= The Geometry of Numbers =

Book on the geometry of numbers

The Geometry of Numbers is a book on the geometry of numbers, an area of mathematics in which the geometry of lattices, repeating sets of points in the plane or higher dimensions, is used to derive results in number theory. It was written by Carl D. Olds, Anneli Cahn Lax, and Giuliana Davidoff, and published by the Mathematical Association of America in 2000 as volume 41 of their Anneli Lax New Mathematical Library book series.

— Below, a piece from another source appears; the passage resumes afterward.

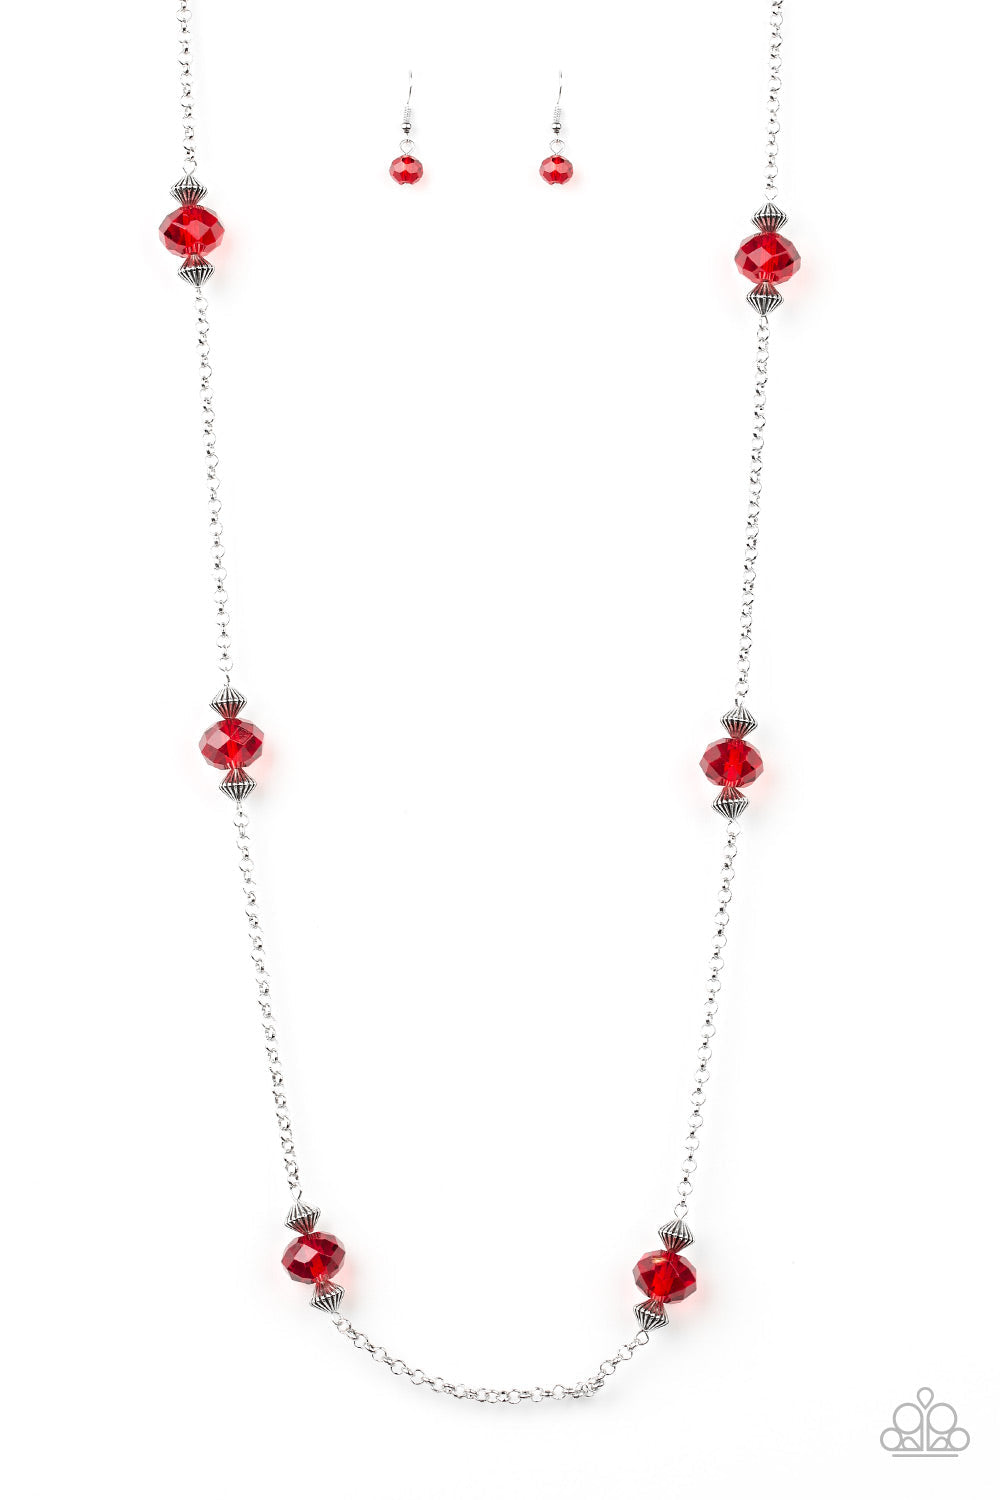 Season of Sparkle - Red and Silver Necklace - Paparazzi Accessories - Glassy red gems and silver beads trickle along a glistening silver chain for a refined stylish look. Features an adjustable clasp closure fashion necklace.

==Authorship and publication history==
The Geometry of Numbers is based on a book manuscript that Carl D. Olds, a New Zealand-born mathematician working in California at San Jose State University, was still writing when he died in 1979. Anneli Cahn Lax, the editor of the New Mathematical Library of the Mathematical Association of America, took up the task of editing it, but it remained unfinished when she died in 1999. Finally, Giuliana Davidoff took over the project, and saw it through to publication in 2000.

==Topics==
The Geometry of Numbers is relatively short, and is divided into two parts. The first part applies number theory to the geometry of lattices, and the second applies results on lattices to number theory. Topics in the first part include the relation between the maximum distance between parallel lines that are not separated by any point of a lattice and the slope of the lines, Pick's theorem relating the area of a lattice polygon to the number of lattice points it contains, and the Gauss circle problem of counting lattice points in a circle centered at the origin of the plane.

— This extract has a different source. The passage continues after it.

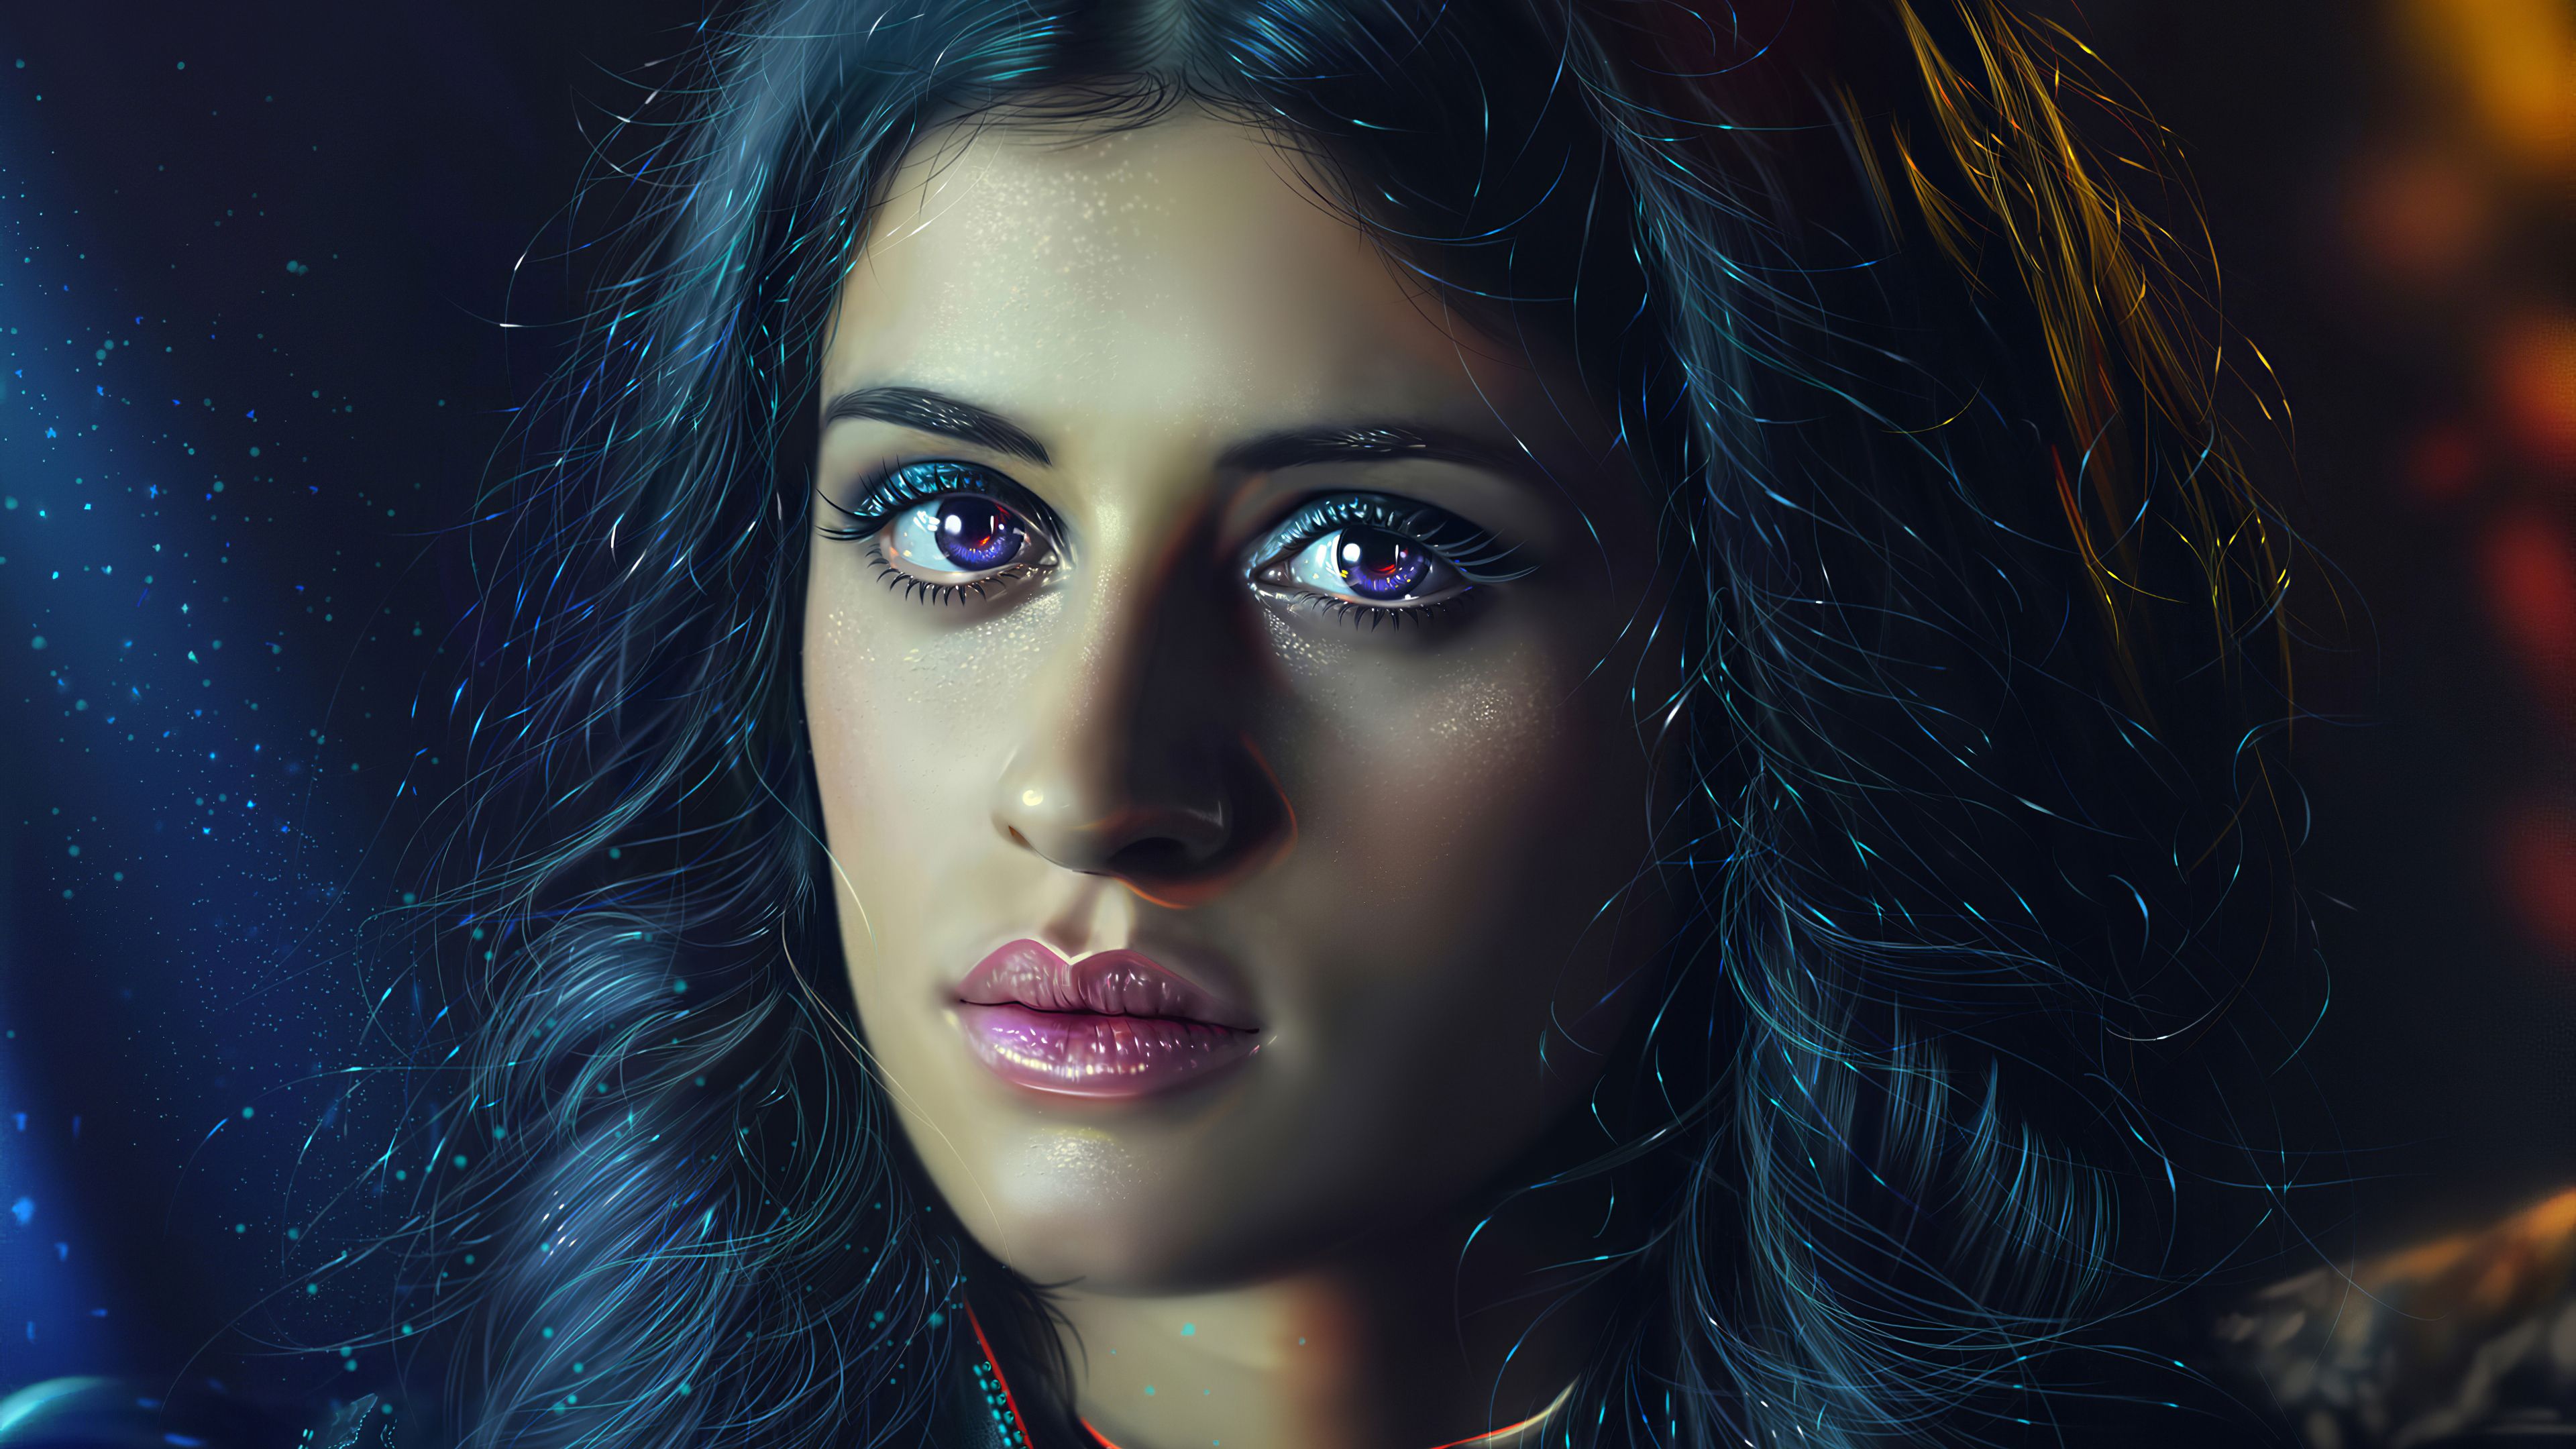 Anya Chalotra As Yennefer In Witcher Art, HD Tv Shows, 4k Wallpaper, Image, Background, Photo and Picture

The second part begins with Minkowski's theorem, that centrally symmetric convex sets of large enough area (or volume in higher dimensions) necessarily contain a nonzero lattice point. It applies this to Diophantine approximation, the problem of accurately approximating one or more irrational numbers by rational numbers. After another chapter on the linear transformations of lattices, the book studies the problem of finding the smallest nonzero values of quadratic forms, and Lagrange's four-square theorem, the theorem that every non-negative integer can be represented as a sum of four squares of integers. The final two chapters concern Blichfeldt's theorem, that bounded planar regions with area $A$ can be translated to cover at least $\lceil A\rceil$ lattice points, and additional results in Diophantine approximation. The chapters on Minkowski's theorem and Blichfeldt's theorem, particularly, have been called the "foundation stones" of the book by reviewer Philip J. Davis.

An appendix by Peter Lax concerns the Gaussian integers. A second appendix concerns lattice-based methods for packing problems including circle packing and, in higher dimensions, sphere packing. The book closes with biographies of Hermann Minkowski and Hans Frederick Blichfeldt.

==Audience and reception==
The Geometry of Numbers is intended for secondary-school and undergraduate mathematics students, although it may be too advanced for the secondary-school students; it contains exercises making it suitable for classroom use. It has been described as "expository", "self-contained", and "readable".

However, reviewer Henry Cohn notes several copyediting oversights, complains about its selection of topics, in which "curiosities are placed on an equal footing with deep results", and misses certain well-known examples which were not included. Despite this, he recommends the book to readers who are not yet ready for more advanced treatments of this material and wish to see "some beautiful mathematics".